形势急转疾下,谁也不曾料到,半个小时之前还好好的叶老,竟然会忽然变成这个样,看叶老气若游丝,面色如金的模样,很显然就要命不久矣。
“这到底是怎么一回事?”叶志敏第一个开口问道,声音气急败坏,情绪已然到了崩溃的边缘。
率先上楼的谢教授和唐教授,二人面色丧如死灰,谢教授结结巴巴的说道:“我们也不知道,我们才上楼来,正打算给叶老做个全身检查,叶老的身体,忽然就变成这样了,我们什么也没做,什么也没做啊。”
“什么也没做,病人怎么会变成这个样?”叶志敏怒喝道。
叶志敏位高权重,官威极盛,这一发火,非同凡响。
两位教授心胆俱裂,不知道该怎么回答,二人都是焦虑的不行,哀求的望向霍老,霍老拍拍叶志敏的肩膀,说道:“他们两个是我带来的,既然说什么都没做,那就是什么都没做。”
“那这是怎么一回事?”叶志敏虽然盛怒,但有霍老这话,却也不好再发火,神色稍稍一缓。
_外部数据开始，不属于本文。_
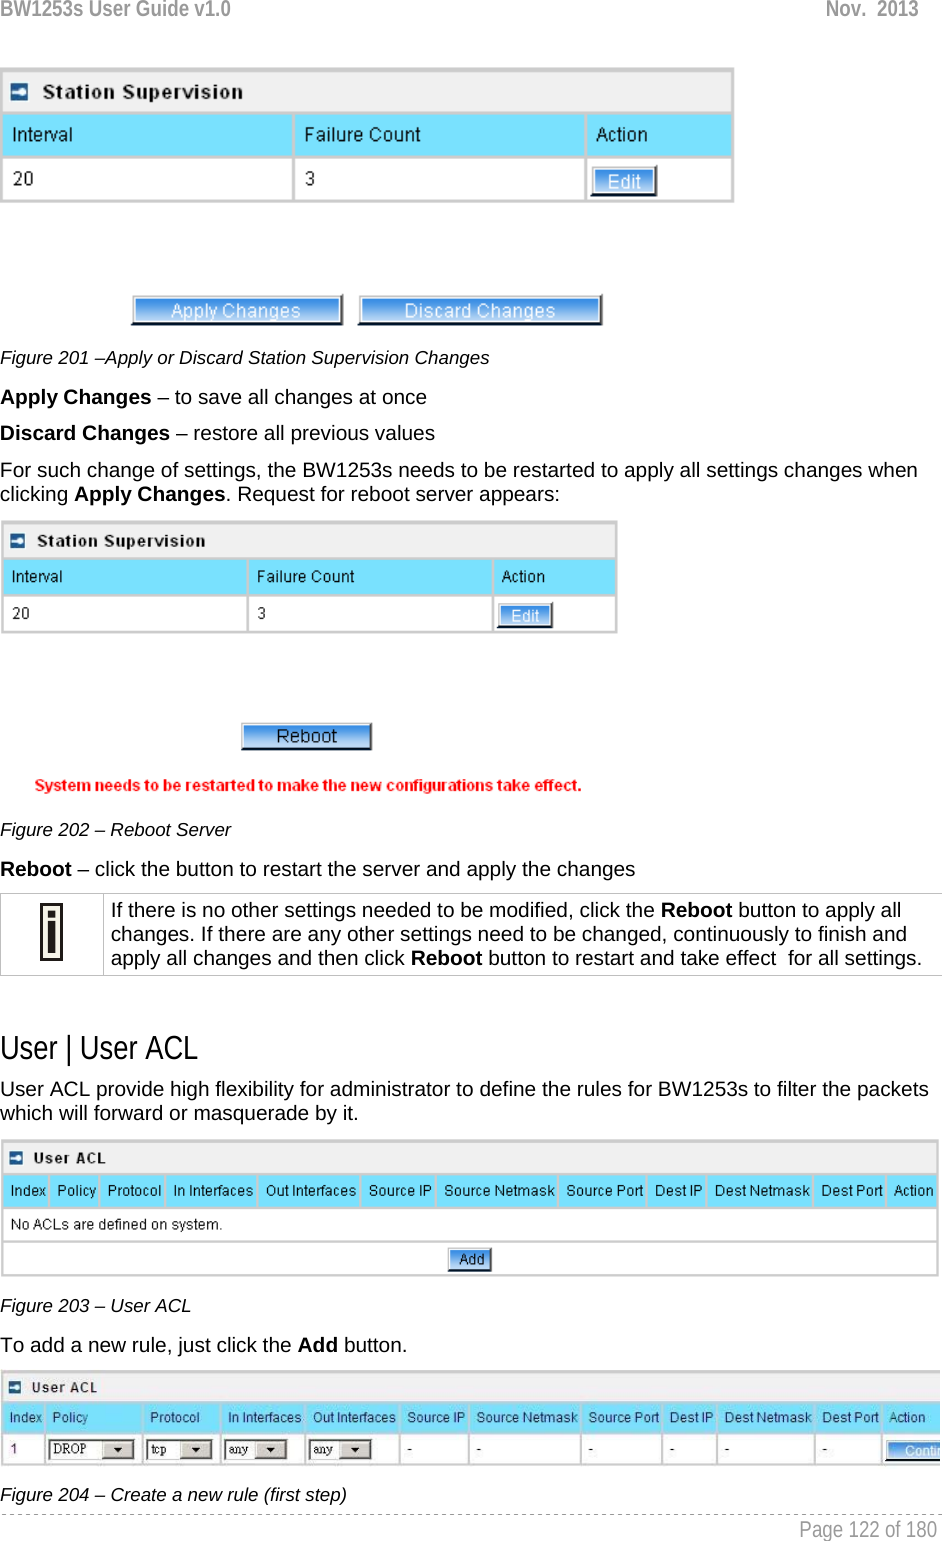 BW1253s User Guide v1.0  Nov.  2013     Page 122 of 180    Figure 201 –Apply or Discard Station Supervision Changes Apply Changes – to save all changes at once Discard Changes – restore all previous values For such change of settings, the BW1253s needs to be restarted to apply all settings changes when clicking Apply Changes. Request for reboot server appears:  Figure 202 – Reboot Server Reboot – click the button to restart the server and apply the changes  If there is no other settings needed to be modified, click the Reboot button to apply all changes. If there are any other settings need to be changed, continuously to finish and apply all changes and then click Reboot button to restart and take effect  for all settings.  User | User ACL User ACL provide high flexibility for administrator to define the rules for BW1253s to filter the packets which will forward or masquerade by it.  Figure 203 – User ACL To add a new rule, just click the Add button.  Figure 204 – Create a new rule (first step)

“先前为叶老主治的医生是秦阳吧?这事情是不是该问问他才对?”霍老问道。
“刷刷……刷刷……”
所有人的目光,都转向秦阳。
霍老死死的盯住秦阳,厉声道:“是你搞的鬼对不对?”
秦阳笑着,无辜的说道:“我搞什么鬼了?”
“叶老变成这样,你还有脸跟我说这话?”霍老极为不满的道。
秦阳愈发的无辜了:“叶老变成什么样了,你可以说清楚点吗?”
霍老气不打一处就来,怒吼着道:“难道你没长眼睛,不会自己看?”
“我当然长了眼睛,怕只怕某些人没长眼睛。”秦阳淡淡的道。
这话一出,原本一些心理上偏向于秦阳的人,都是有些不快,就连叶铮凌和叶沉鱼兄妹,也是满脸惊诧之色。
这话是什么意思,难道是要推卸责任不成?
只是,忽然,卧室内,陡然一静。
因为之前叶老一直咳嗽的缘故,房间里的气氛极为压抑,如同一个堆满了火药的火药桶。这种压抑的气氛,随着秦阳和霍老的争锋相对一直持续。
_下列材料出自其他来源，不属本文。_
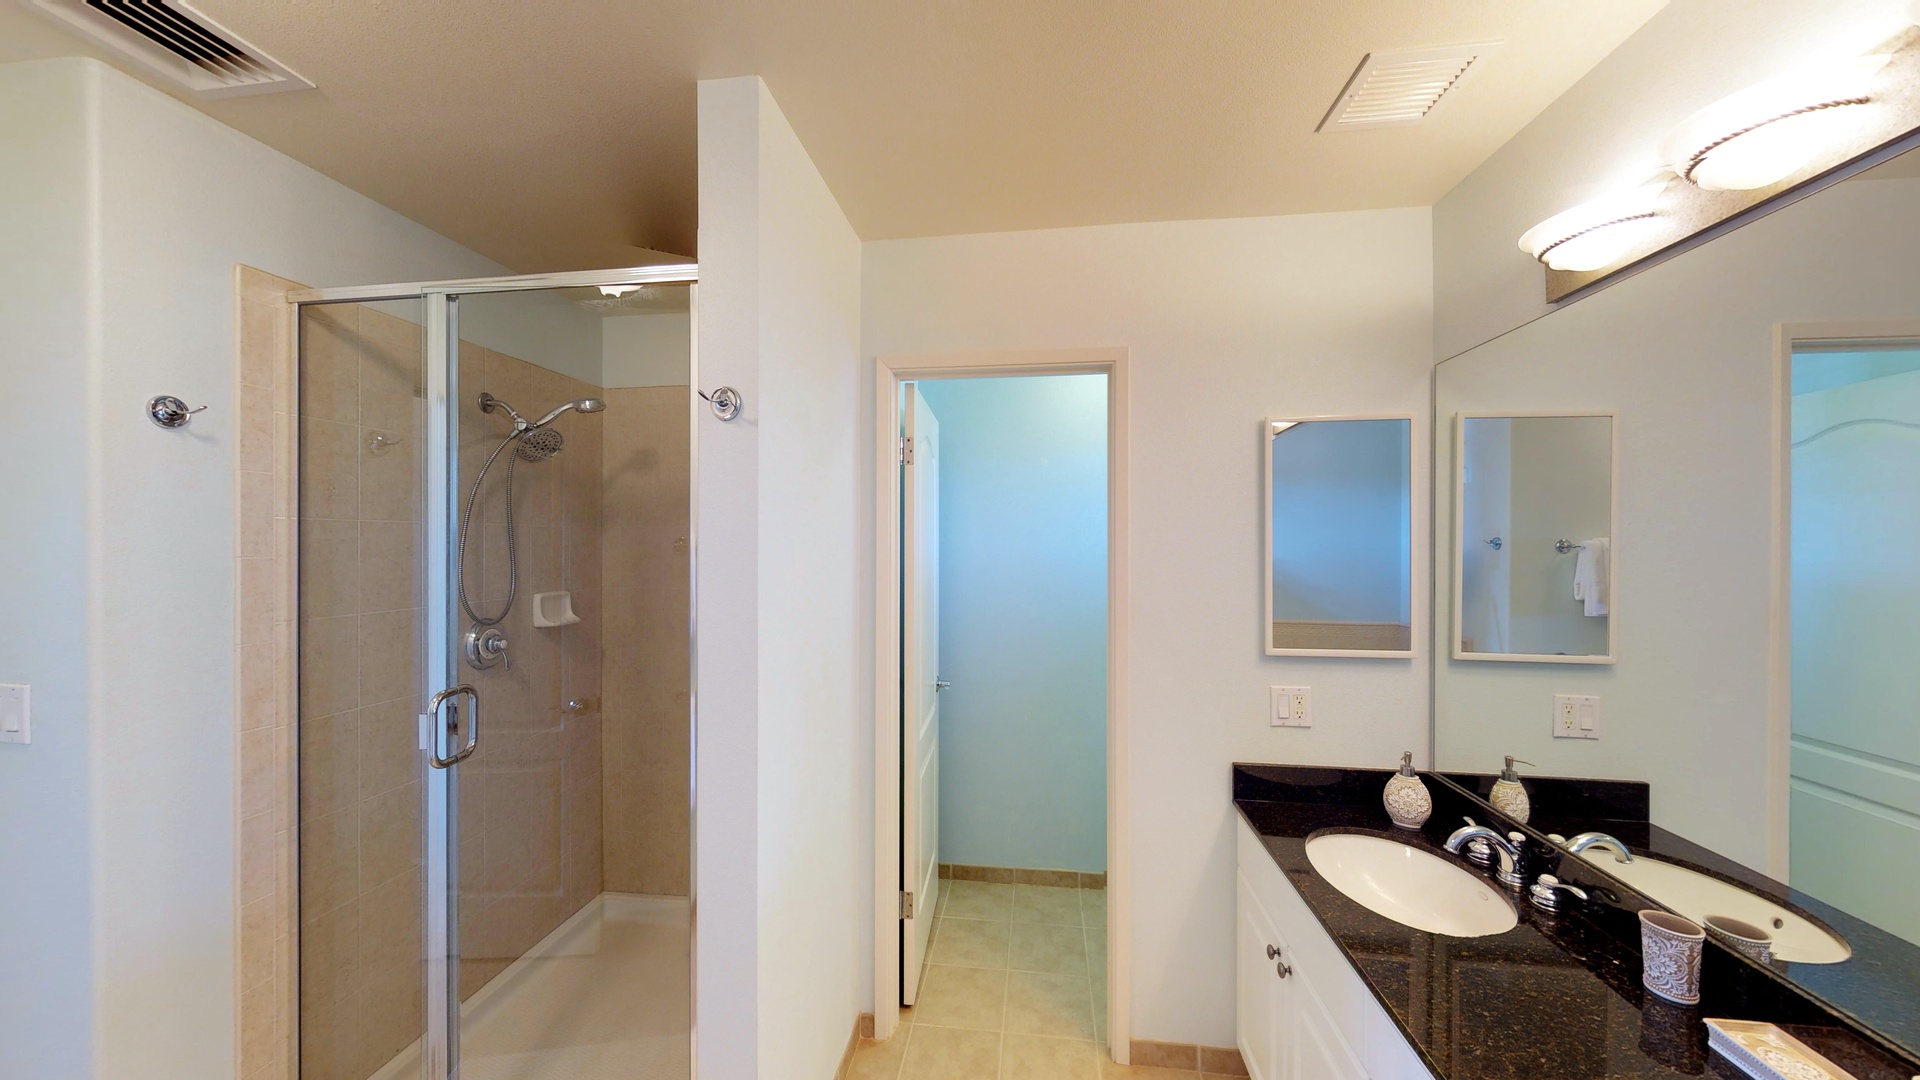 Kapolei Vacation Rentals, Ko Olina Kai 1035D - The large primary guest bathroom with a walk-in shower and double vanity.

是以卧室内忽然一静,也没人察觉出来有什么异样,更是有一种山雨欲来风满楼的气流汹涌着。
没有人注意到房间里的情况的变化,除了秦阳之外。
秦阳表情上并无任何变化,因为叶老身体情况的变化,他早先就了如指掌,他并不和霍老争辩,转身就要走。
霍宇豪往前跨出去一步,一把抓住他的肩膀,狞声道:“你害死了叶老,还想走?”
“你能留下我?”秦阳肩膀一抖,甩开他的手,继续往外走。
“给我站住!”霍老随身的警卫员悄无声息出现在了秦阳的面前,低喝道。
秦阳看也不看,径直走过去,警卫员暴起出手,秦阳随意抬起一脚,朝着警卫员的胸口踹去。
这一脚,力道沉实,势不可挡,虎虎生风。
警卫员感受到来自秦阳的杀机,脸色遽然一变,侧身就闪!
秦阳含怒出手,哪里会让他如此轻易躲过,这一脚踢出去,势如奔雷,就在警卫员扭身而躲的时候,一脚倏然踹至警卫员的胸口。
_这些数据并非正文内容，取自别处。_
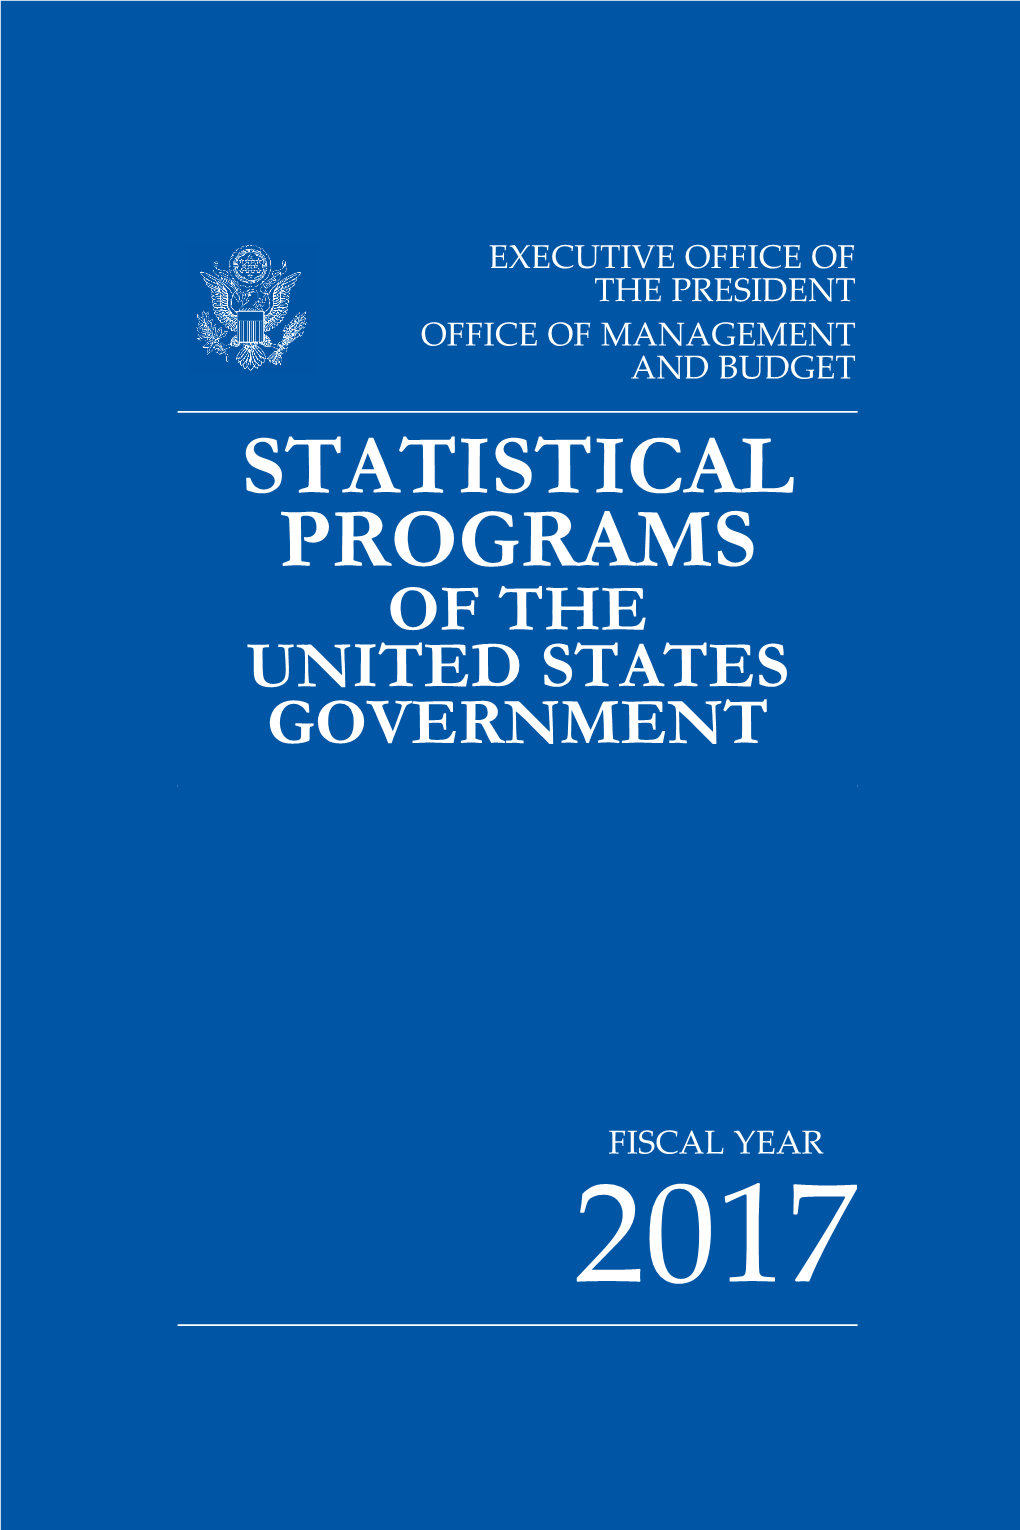 Statistical Programs of the United States Government, Fiscal Year 2017

悍然一脚,踹的警务员如断线的风筝一般,一个倒栽,从二楼摔了下去,落地之声砰然响起,致使所有人都脸色大变。
秦阳却好似没事人一般,收回踢出去的脚,平稳落地,继续朝外走去。
霍宇豪早先在九龙山被秦阳肆意凌辱,今日前来见着秦阳也在,意外之余,也是有找回颜面的意图,却是没想到秦阳会如此狂妄,竟是丝毫不将他放在眼里。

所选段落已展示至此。